Comment 12 David Marchand 2022-03-22 08:55:25 UTC
I can do nothing of the beaker logs: I can see no DPDK or OVS commands, it's hard to tell what is what. There is no usable logs.

To save time, please provide an environment and a way to reproduce the issue, and I will have a look.

Comment 16 liting 2022-03-28 12:39:31 UTC
I upgrade the i40e firmware of netqe22, the case still not work well. you can continue to access to them for debug. thanks.
[root@netqe32 ~]# ethtool -i ens3f0
driver: i40e
version: 4.18.0-305.el8.x86_64
firmware-version: 8.50 0x8000b6ed 1.3082.0
expansion-rom-version: 
bus-info: 0000:5e:00.0
supports-statistics: yes
supports-test: yes
supports-eeprom-access: yes
supports-register-dump: yes
supports-priv-flags: yes

Comment 17 David Marchand 2022-03-28 13:35:09 UTC
Links are not even going up with kernel netdevs.
I logged on the systems and I see following.

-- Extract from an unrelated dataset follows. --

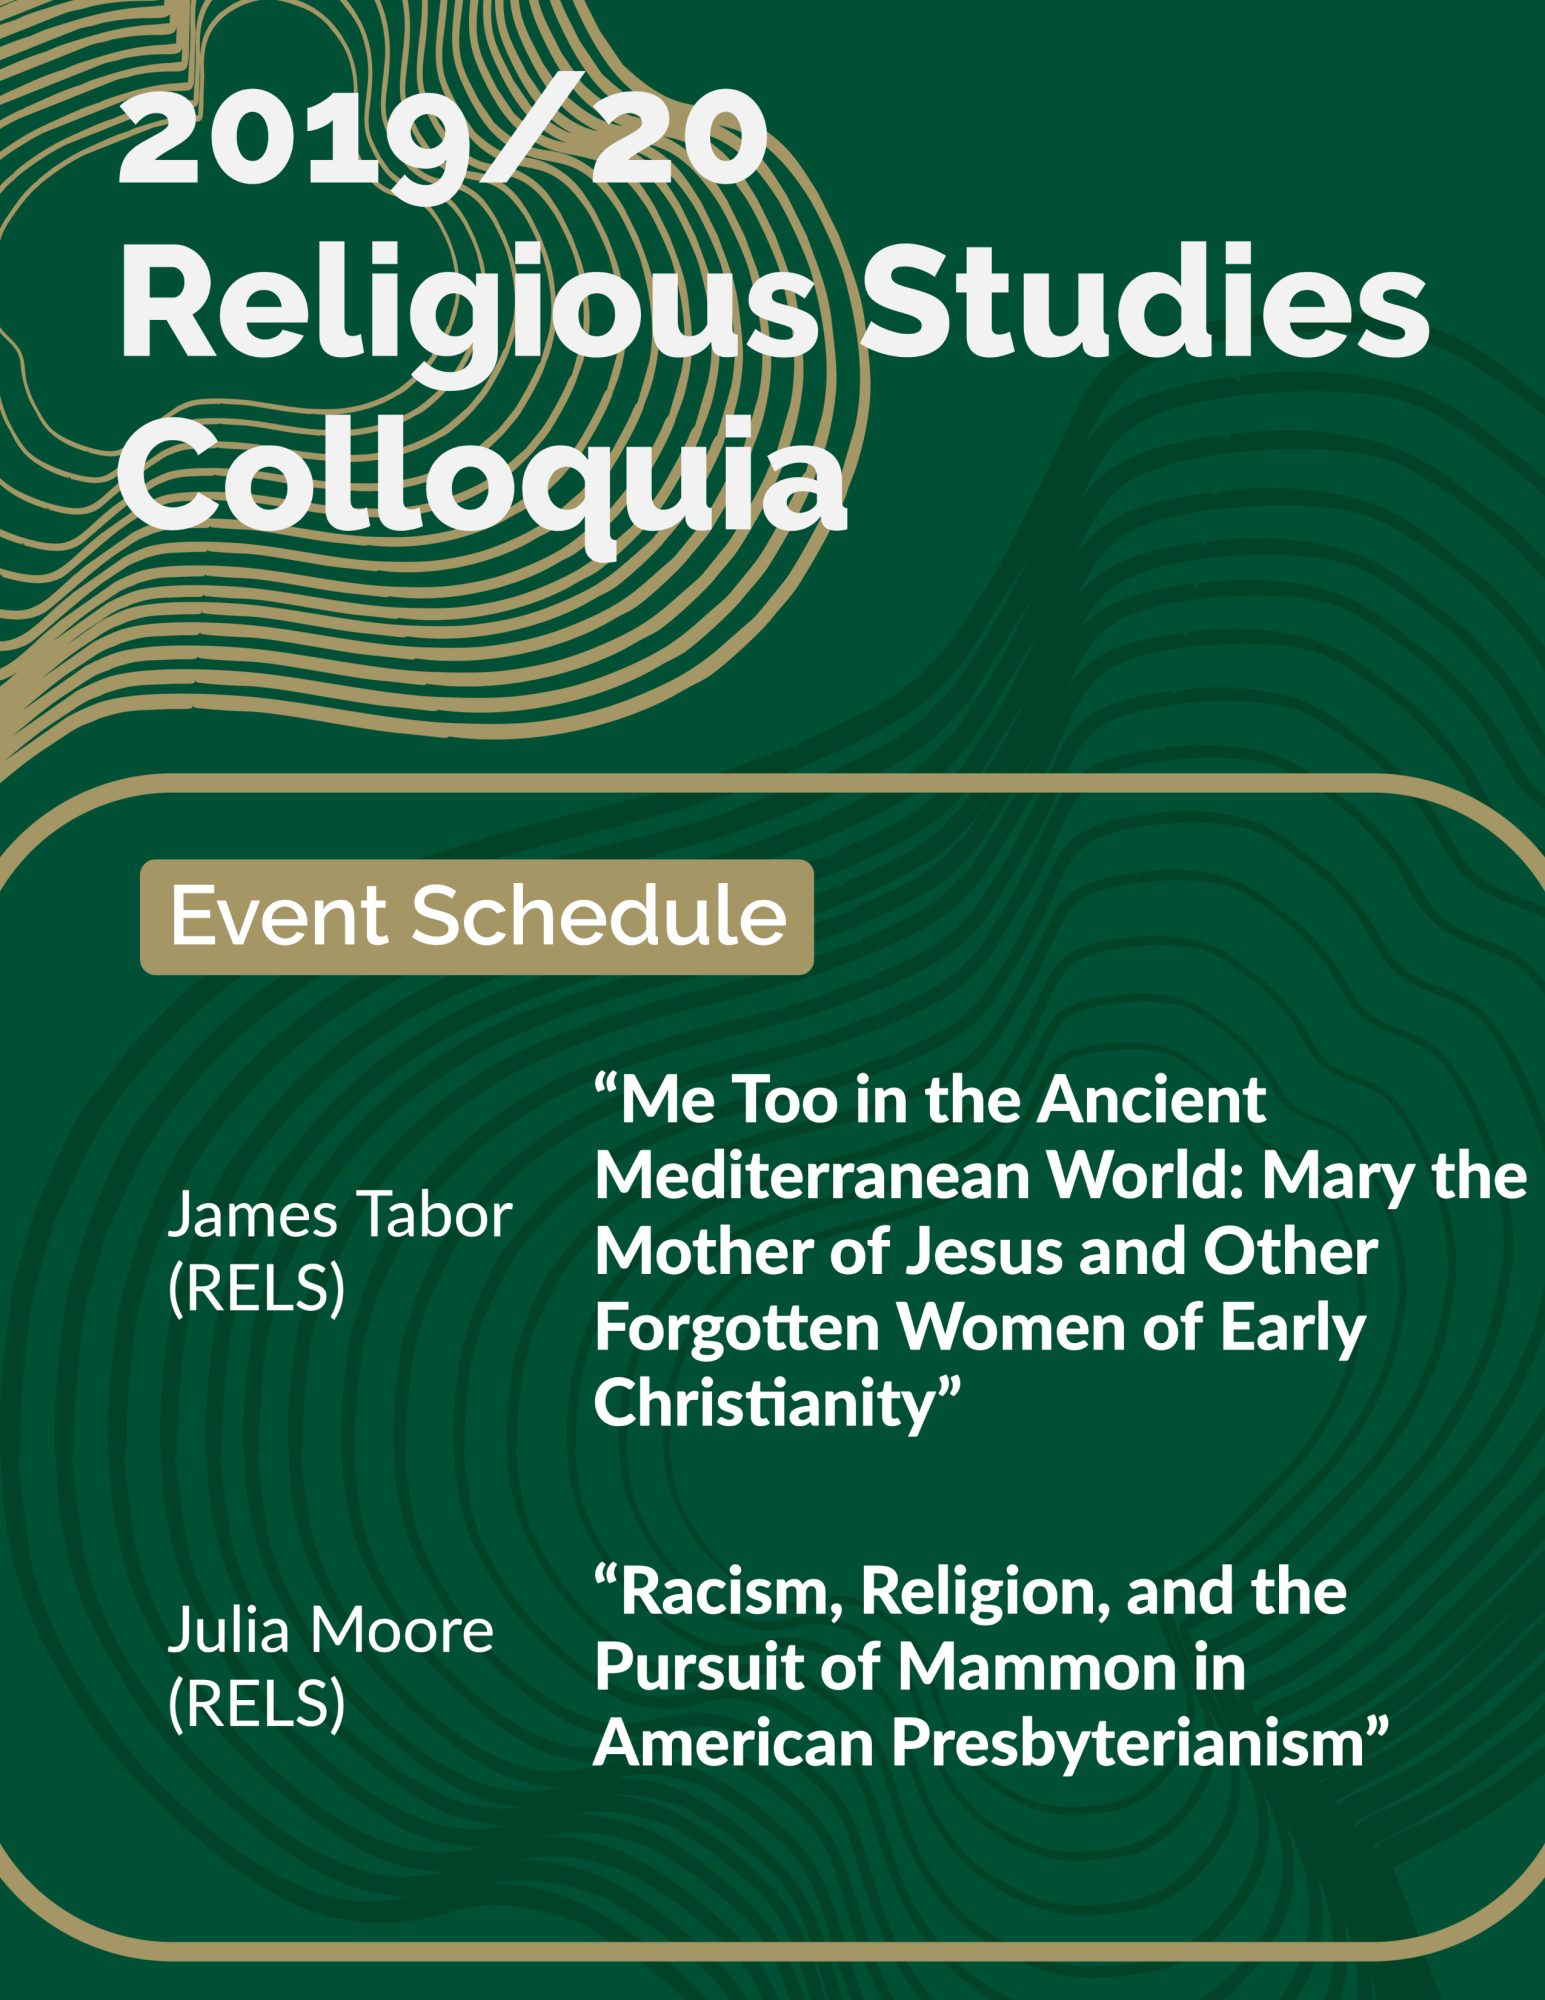 2019/20 Religious Studies Colloquia
Event Schedule

On the dut, I see that the kernel netdev won't stay up:

[ 6402.875392] bnxt_en 0000:82:00.0 enp130s0f0np0: renamed from eth0
[ 6402.886050] bnxt_en 0000:82:00.0: 63.008 Gb/s available PCIe bandwidth (8.0 GT/s PCIe x8 link)
[ 6404.113651] bnxt_en 0000:82:00.1 eth0: Broadcom BCM57414 NetXtreme-E 10Gb/25Gb Ethernet found at mem ca200000, node addr 00:0a:f7:b7:09:51
[ 6404.116904] bnxt_en 0000:82:00.1 enp130s0f1np1: renamed from eth0
[ 6404.127553] bnxt_en 0000:82:00.1: 63.008 Gb/s available PCIe bandwidth (8.0 GT/s PCIe x8 link)
[ 9932.291741] bnxt_en 0000:82:00.0 enp130s0f0np0: unsupported speed!
[11172.415616] bnxt_en 0000:82:00.1 enp130s0f1np1: NIC Link is Up, 10000 Mbps full duplex, Flow control: ON - receive & transmit
[11172.428238] bnxt_en 0000:82:00.1 enp130s0f1np1: FEC autoneg off encoding: None
[11172.436318] IPv6: ADDRCONF(NETDEV_CHANGE): enp130s0f1np1: link becomes ready
[11225.435240] bnxt_en 0000:82:00.1 enp130s0f1np1: NIC Link is Down
[11267.953958] bnxt_en 0000:82:00.1 enp130s0f1np1: unsupported speed!
[11617.480252] bnxt_en 0000:82:00.0 eth0: Broadcom BCM57414 NetXtreme-E 10Gb/25Gb Ethernet found at mem ca210000, node addr 00:0a:f7:b7:09:50
[11617.483667] bnxt_en 0000:82:00.0 enp130s0f0np0: renamed from eth0
[11617.494142] bnxt_en 0000:82:00.0: 63.008 Gb/s available PCIe bandwidth (8.0 GT/s PCIe x8 link)
[11617.525693] bnxt_en 0000:82:00.1 eth0: Broadcom BCM57414 NetXtreme-E 10Gb/25Gb Ethernet found at mem ca200000, node addr 00:0a:f7:b7:09:51
[11617.529025] bnxt_en 0000:82:00.1 enp130s0f1np1: renamed from eth0
[11617.539590] bnxt_en 0000:82:00.1: 63.008 Gb/s available PCIe bandwidth (8.0 GT/s PCIe x8 link)
[11734.009748] bnxt_en 0000:82:00.1 enp130s0f1np1: unsupported speed!
[14286.494915] bnxt_en 0000:82:00.0 eth0: Broadcom BCM57414 NetXtreme-E 10Gb/25Gb Ethernet found at mem ca210000, node addr 00:0a:f7:b7:09:50
[14286.497770] bnxt_en 0000:82:00.0 enp130s0f0np0: renamed from eth0
[14286.508805] bnxt_en 0000:82:00.0: 63.008 Gb/s available PCIe bandwidth (8.0 GT/s PCIe x8 link)
[14286.540300] bnxt_en 0000:82:00.1 eth0: Broadcom BCM57414 NetXtreme-E 10Gb/25Gb Ethernet found at mem ca200000, node addr 00:0a:f7:b7:09:51
[14286.543631] bnxt_en 0000:82:00.1 enp130s0f1np1: renamed from eth0
[14286.554194] bnxt_en 0000:82:00.1: 63.008 Gb/s available PCIe bandwidth (8.0 GT/s PCIe x8 link)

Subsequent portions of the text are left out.